Tool Setup#

WideSeek-R1 provides two search backends:

  • online mode for live web search and webpage access.

  • offline mode for retrieval against a local Qdrant-based knowledge base.

In the standard workflow, offline tools are typically used for training and standard QA evaluation, while online tools are used for WideSearch evaluation.

Online Mode#

Online mode uses Serper for web search and Jina AI for webpage access.

API Keys#

Export the required API keys before running training or evaluation:

export SERPER_API_KEY=your_serper_api_key
export JINA_API_KEY=your_jina_api_key

Configuration#

In the YAML config under examples/agent/wideseek_r1/config, set:

tools:
  online: True
  use_jina: True
  enable_cache: True
  cache_file: "./webpage_cache.json"

Offline Mode#

Offline mode uses a local Qdrant retrieval service together with a local corpus and webpage store.

Prerequisites#

After completing the base setup from the installation guide, install the Qdrant client:

uv pip install qdrant-client==1.16.2

Download the Corpus and Retriever#

Prepare the following assets:

The corpus package includes:

  • wiki_corpus.jsonl for retrieval snippets.

  • wiki_webpages.jsonl for webpage content lookup.

  • qdrant/ containing the Qdrant collection files.

Launch the Retrieval Service#

  1. Start Qdrant in the corpus directory:

    cd /PATH/TO/Wiki-2018-Corpus/qdrant
    ./qdrant
    

    This process must stay alive. Running it inside tmux is recommended.

  2. Get the host IP address for the Qdrant service:

    hostname -I
    
  3. Edit examples/agent/tools/search_local_server_qdrant/launch_local_server.sh and update these variables:

    • WIKI2018_DIR: /PATH/TO/Wiki-2018-Corpus

    • retriever_path: /PATH/TO/e5-model

    • qdrant_url: for example http://<host_ip>:6333

    • qdrant_collection_name: set it to wiki_collection_m32_cef512.

    • qdrant_search_param: set it to {"hnsw_ef":256}.
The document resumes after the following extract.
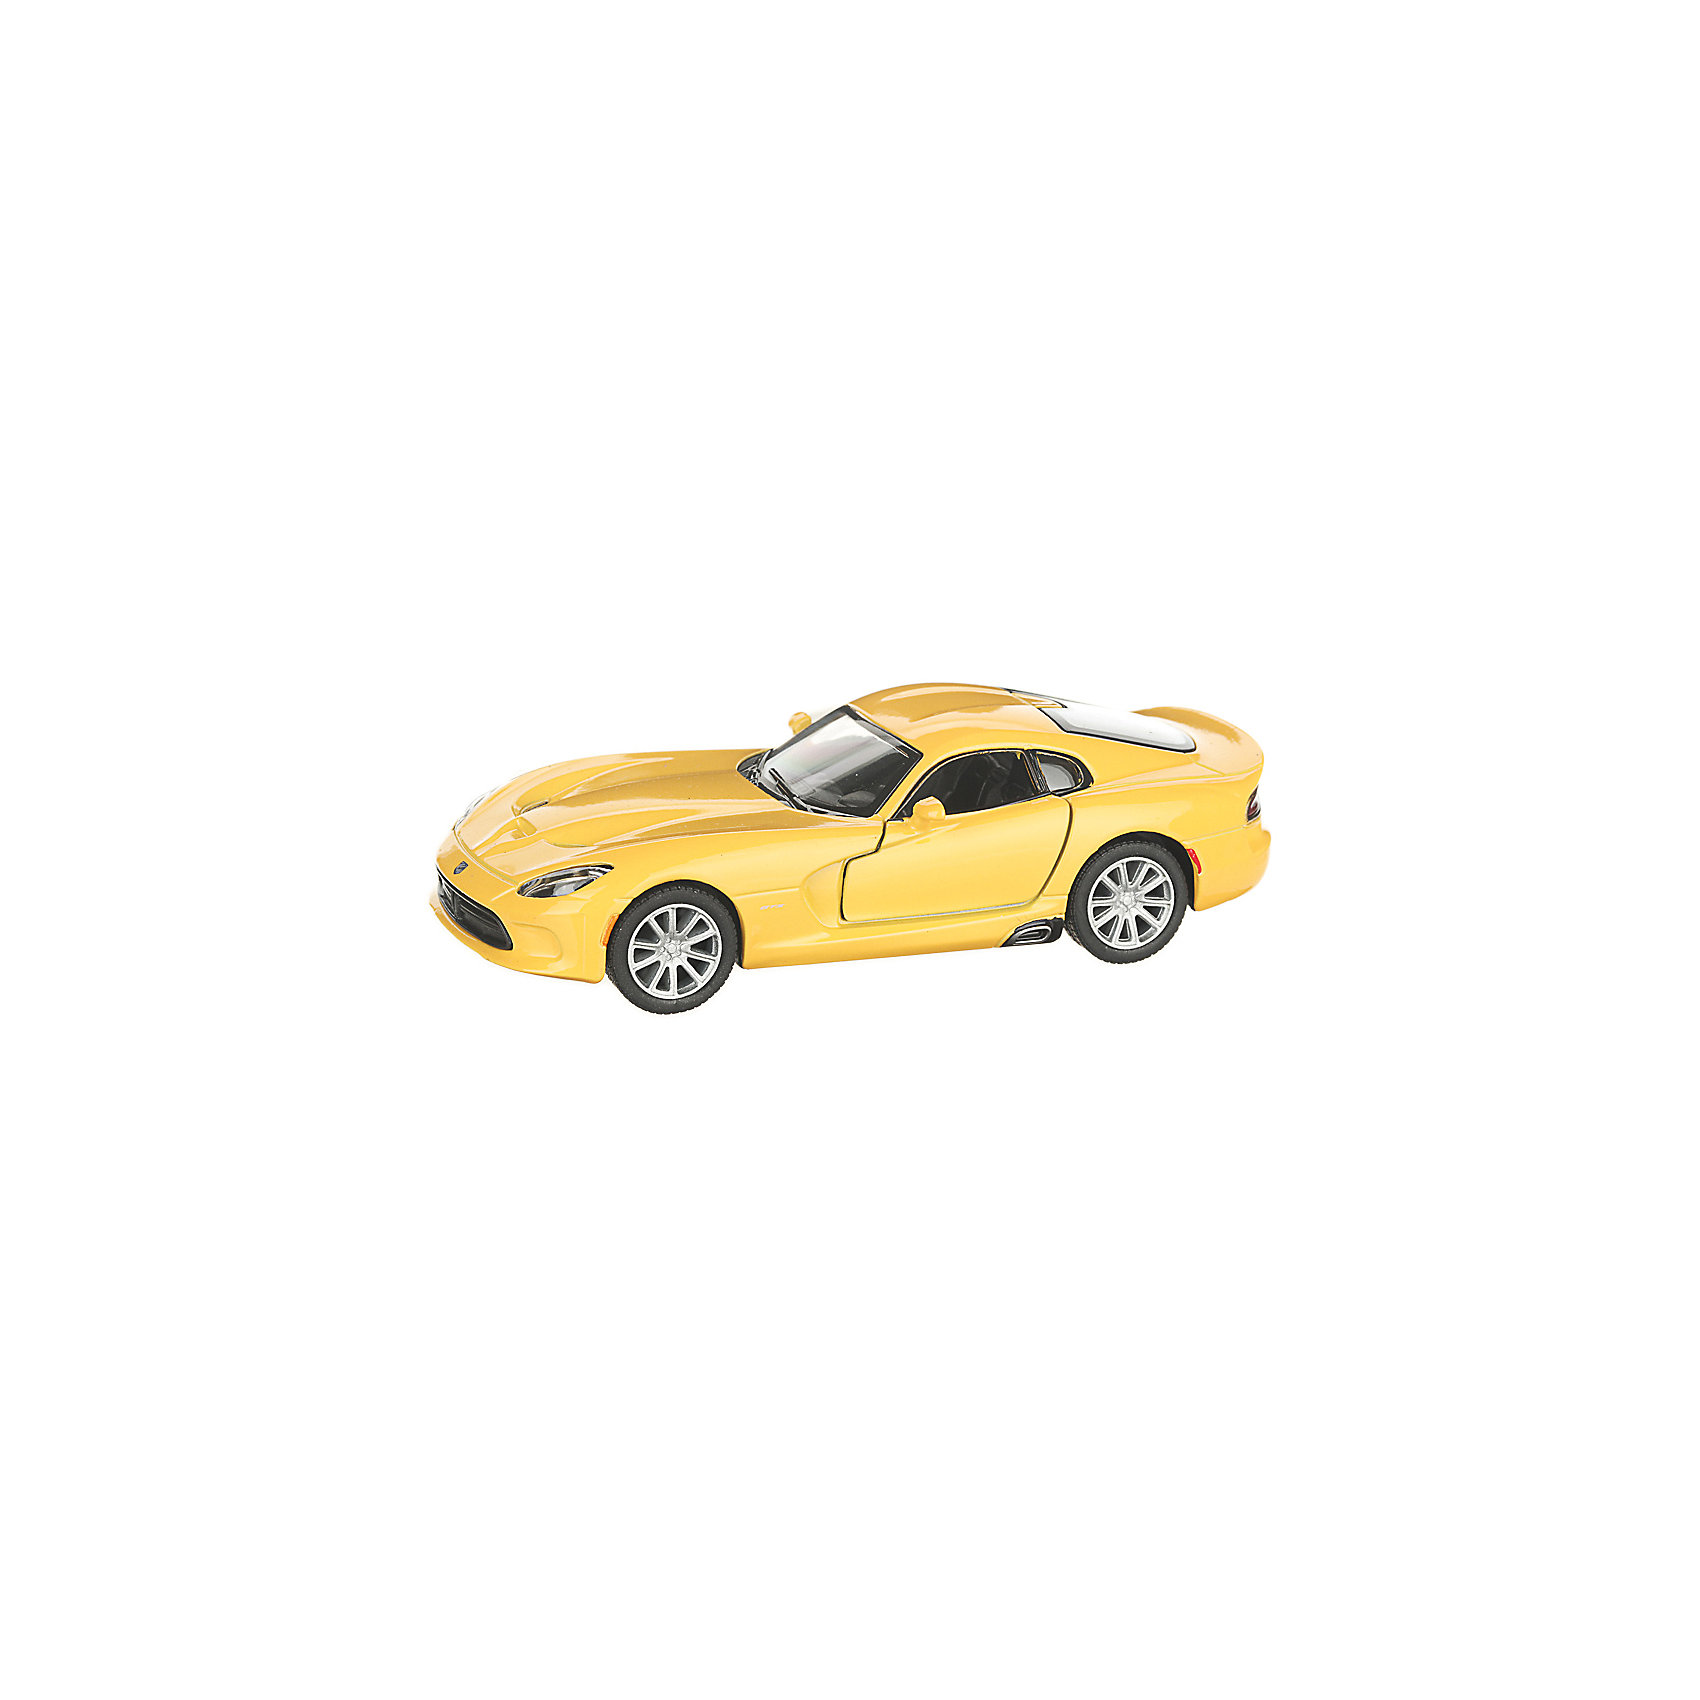 Коллекционная машинка 2013 Dodge SRT Viper GTS, жёлтая Serinity Toys 13233044

  4. Start the retrieval service:

    bash examples/agent/tools/search_local_server_qdrant/launch_local_server.sh
    

We recommend running this retrieval service on the same machine as training or evaluation to avoid unnecessary network latency. If you run it elsewhere, configure tools.search.server_addr accordingly. The default address is localhost:8000.

The retrieval service listens on port 8000 by default and exposes:

  • POST /retrieve for vector retrieval.

  • POST /access for webpage content lookup.

Because Qdrant retrieval runs on CPU, only the E5 retriever model consumes GPU memory after the service starts.

Configuration#

In your YAML config, set:

tools:
  online: False

If the retrieval service is not running on the local machine, also set:

tools:
  search:
    server_addr: "HOST:8000"

Test the Tools#

You can test the WideSeek-R1 tool worker directly.

Online mode:

python rlinf/agents/wideseek_r1/tools.py --is_online true

Offline mode:

python rlinf/agents/wideseek_r1/tools.py --is_online false

The online test requires SERPER_API_KEY and JINA_API_KEY.

The offline test requires the local retrieval service to be reachable at the configured server_addr.